Люба почти не сомневалась, что именно об этой лодке шла речь. Она будто рядом видела Сашу, его крупную голову в наушниках, таких же, как у радистов, — иных она в жизни не видела, потому что в рубке акустика никогда не бывала. Люба чувствовала щекой, губами его ершистые волосы, стриженный ежиком затылок; сколько ни просила Люба не стричься наголо, отрастить волосы, такие густые и, должно быть, красивые, Саша не соглашался, не хотел изменять своей военной привычке… Люба видела его живым, сильным, родным и снова ждала. Каждую строку о подводниках она читала как его письмо к ней, как живую, ей посланную весть. В каждом раненом она видела его товарища, частицу его самого; она уже не была отдалена от него, не была одна, — она была рядом с ним, на одном и том же фронте, в одном строю, и только какие-то условные километры отделяли их друг от друга.
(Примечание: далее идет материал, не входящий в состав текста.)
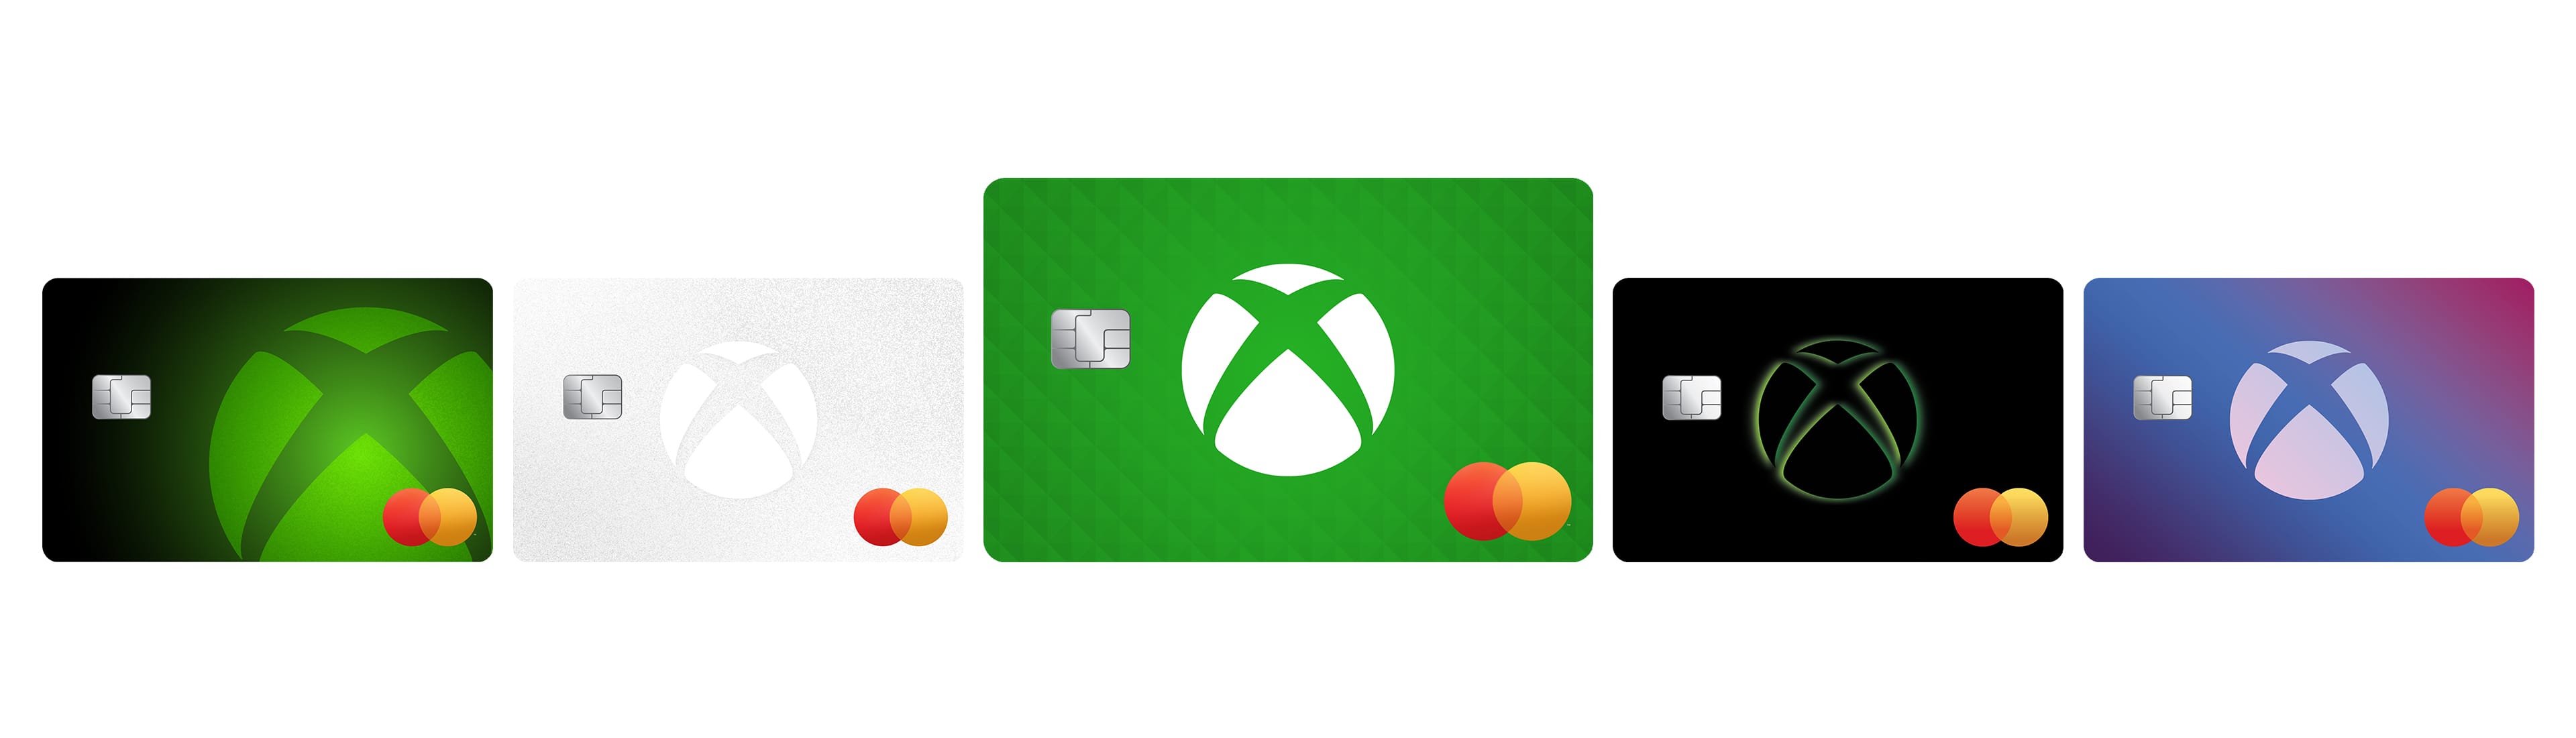 Xbox-Mastercard-5-Cards-2e57abb9491f4a0cdf8e.jpg
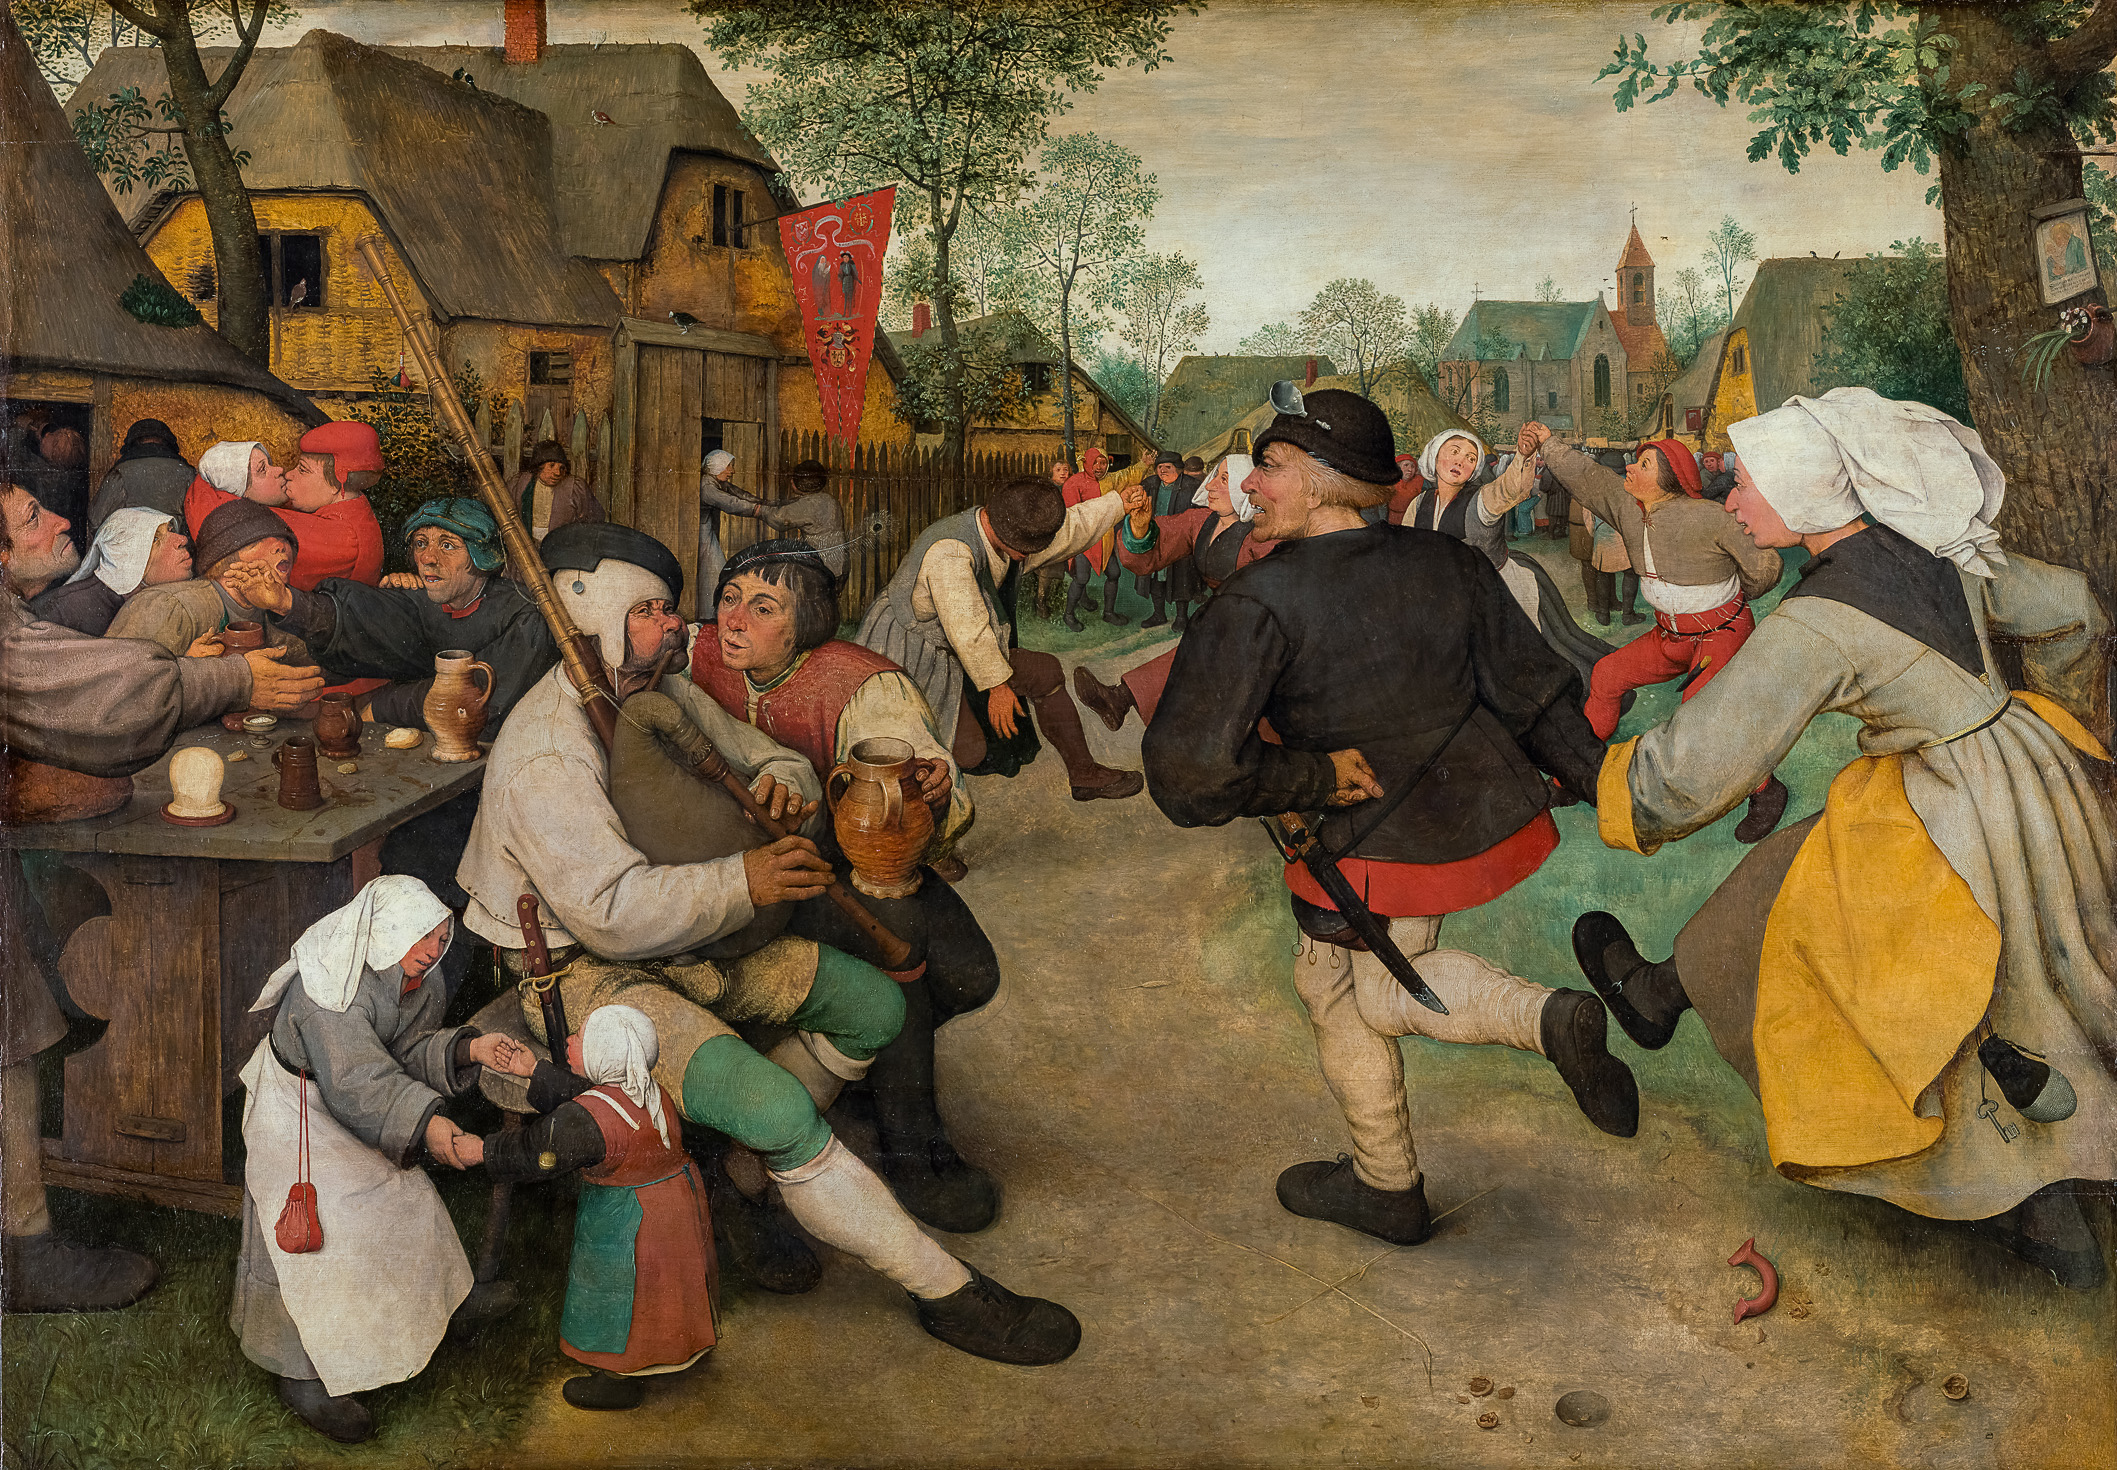 Peasant Dance by Pieter Bruegel the Elder - c. 1568 - 114 cm × 164 cm Kunsthistorisches Museum

Когда погиб Антоненко, когда доходили до нее вести о гибели кого-либо из знакомых или у нее на руках умирал боец, она невольно с болью думала о муже и всем своим существом чувствовала его ребенка. Она гнала от себя дурные мысли и снова шла на берег, на скалу, смотрела в бурлящее между камнями море, и камни, окруженные венчиком пены, казались ей похожими на перископы, выставленные из глубин моря.
Домой она ходила редко, только чтобы поработать в огороде или пошить что-либо для ребенка.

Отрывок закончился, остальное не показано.